The implications of this are grave. The Mumbai blasts of 1993 were an ISI operation that was subcontracted to the Dawood Ibrahim gang. Likewise, the attacks on Red Fort and Parliament two years ago were direct Pakistani operations with minimal outside involvement. The recent acts of terrorism are the handiwork of ideologically-motivated individuals committed to a pan-Islamic jihad. Like the Bali bombers or the notorious Anwar Sheikh, they are driven by a passion larger than the strategic objectives of Pakistan. It is, for example, no accident that the terror networks in Maharashtra derive a disproportionate number of recruits from the followers of the ultra-orthodox Ahle Hadis sect that rejects modernity. The perpetrators of the Godhra carnage that killed 52 Ram sevaks and triggered riots in Gujarat were followers of Tabligh Jamaat, an orthodox and ostensibly non-political sect.
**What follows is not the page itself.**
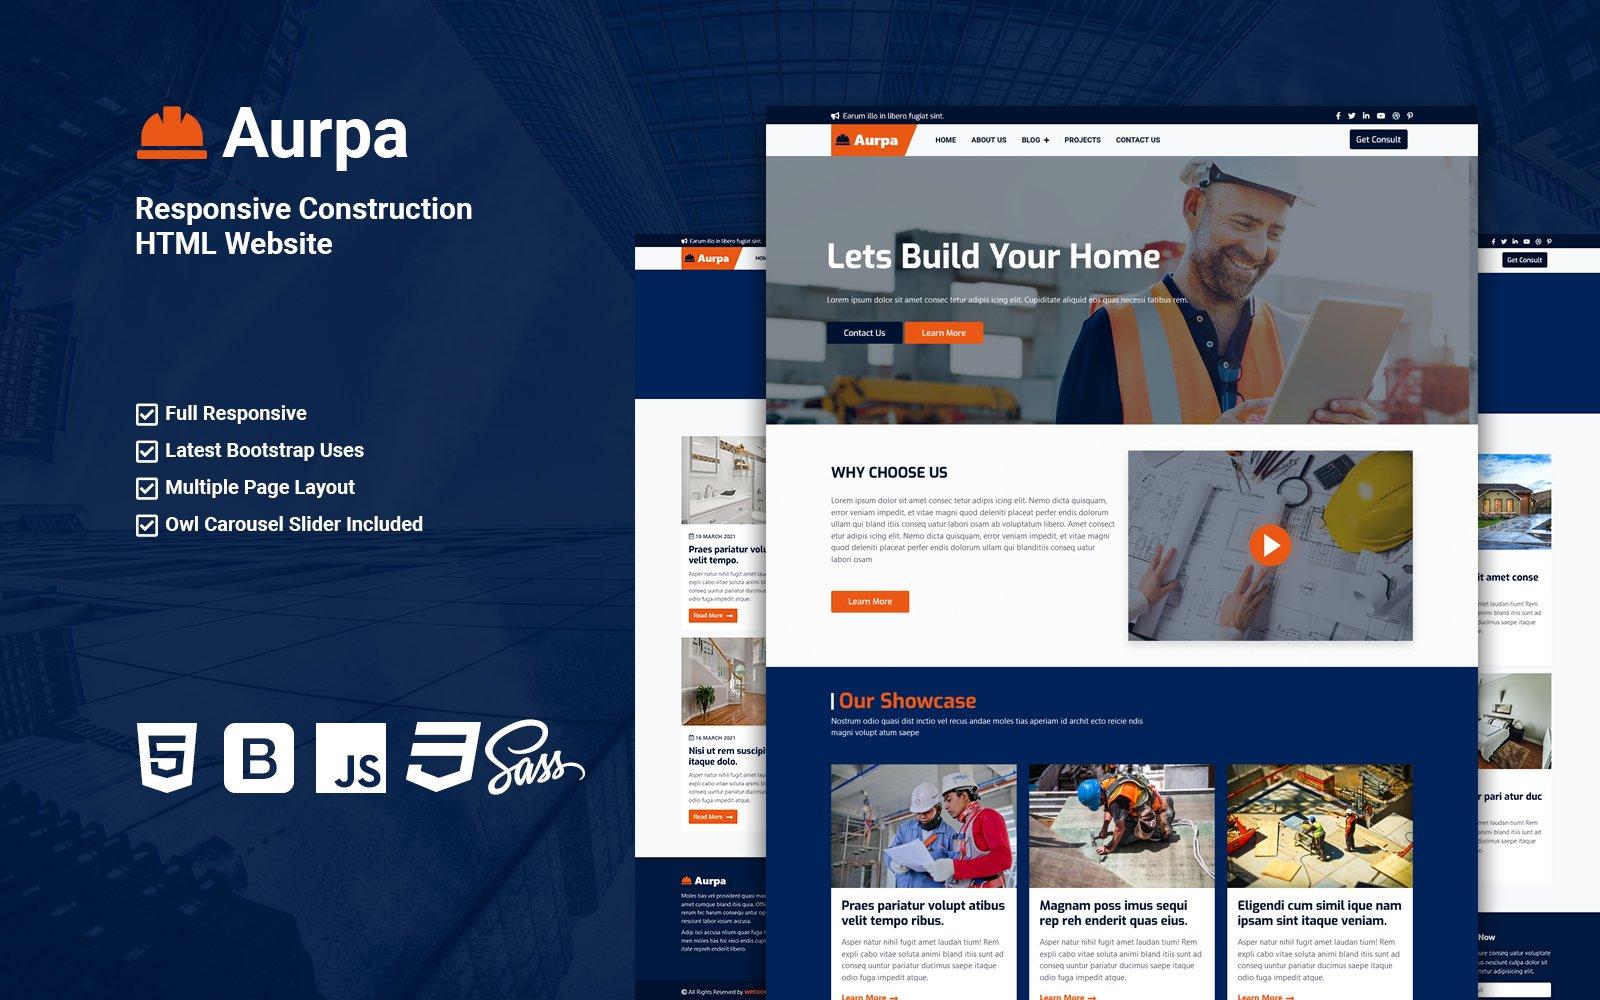 Aurpa - Responsive Construction HTML Website

The new terrorism in India seems to be the logical offshoot of an Islamic revivalism marked by religion, a determination to rid the world of a debased, materialist culture and regain the utopia of 7th century Arabia.
In the aftermath of 9/11, India spoke with pride about the complete non-involvement of its Muslims in either Osama bin Laden’s al Qaida or in the international Islamic brigade that propped up the taliban. After the Mumbai blasts that certitude has taken a battering. The whole of India, and not just Kashmir, it would seem, is now vulnerable to jihadi terrorism. Home ministry officials refer to organizations such as the Muslim Defence Force and Indian Muslim Mohammadi Mujahedeen that have created cells in southern India. These cells may soon become operational. There are additional fears that five Muslim organizations could become the nucleus of a very different insurgency in Assam. The mushrooming of madrasahs, particularly in border areas, adds to the concern. Even the West Bengal government is alarmed by what is being taught to impressionable minds. There are reports of at least 300 Indian Muslims, with a disproportionate number from Hyderabad, who have received training in jihad in Pakistan. Fuelling their millenarian intolerance of unbelievers are itinerant preachers from countries ranging from Indonesia to Sudan. Four months ago, the Gujarat authorities estimated that 107 foreign Islamic preachers, 50 of them from Indonesia, were in the state simultaneously.
The Mumbai blasts of the past year have alerted India to a new threat. Recognizing its true nature is disconcerting because it violates cherished secular principles. But pretending the danger does not exist or conveniently pinning the entire blame on Pakistan and other unnamed “outsiders” is unacceptable. Participating in the international coalition against terror has been a foreign policy issue so far. Now, it is also a domestic imperative. India always had a minuscule fifth column that was emotionally at odds with its nationhood. Now, it has acquired the technology to wage war.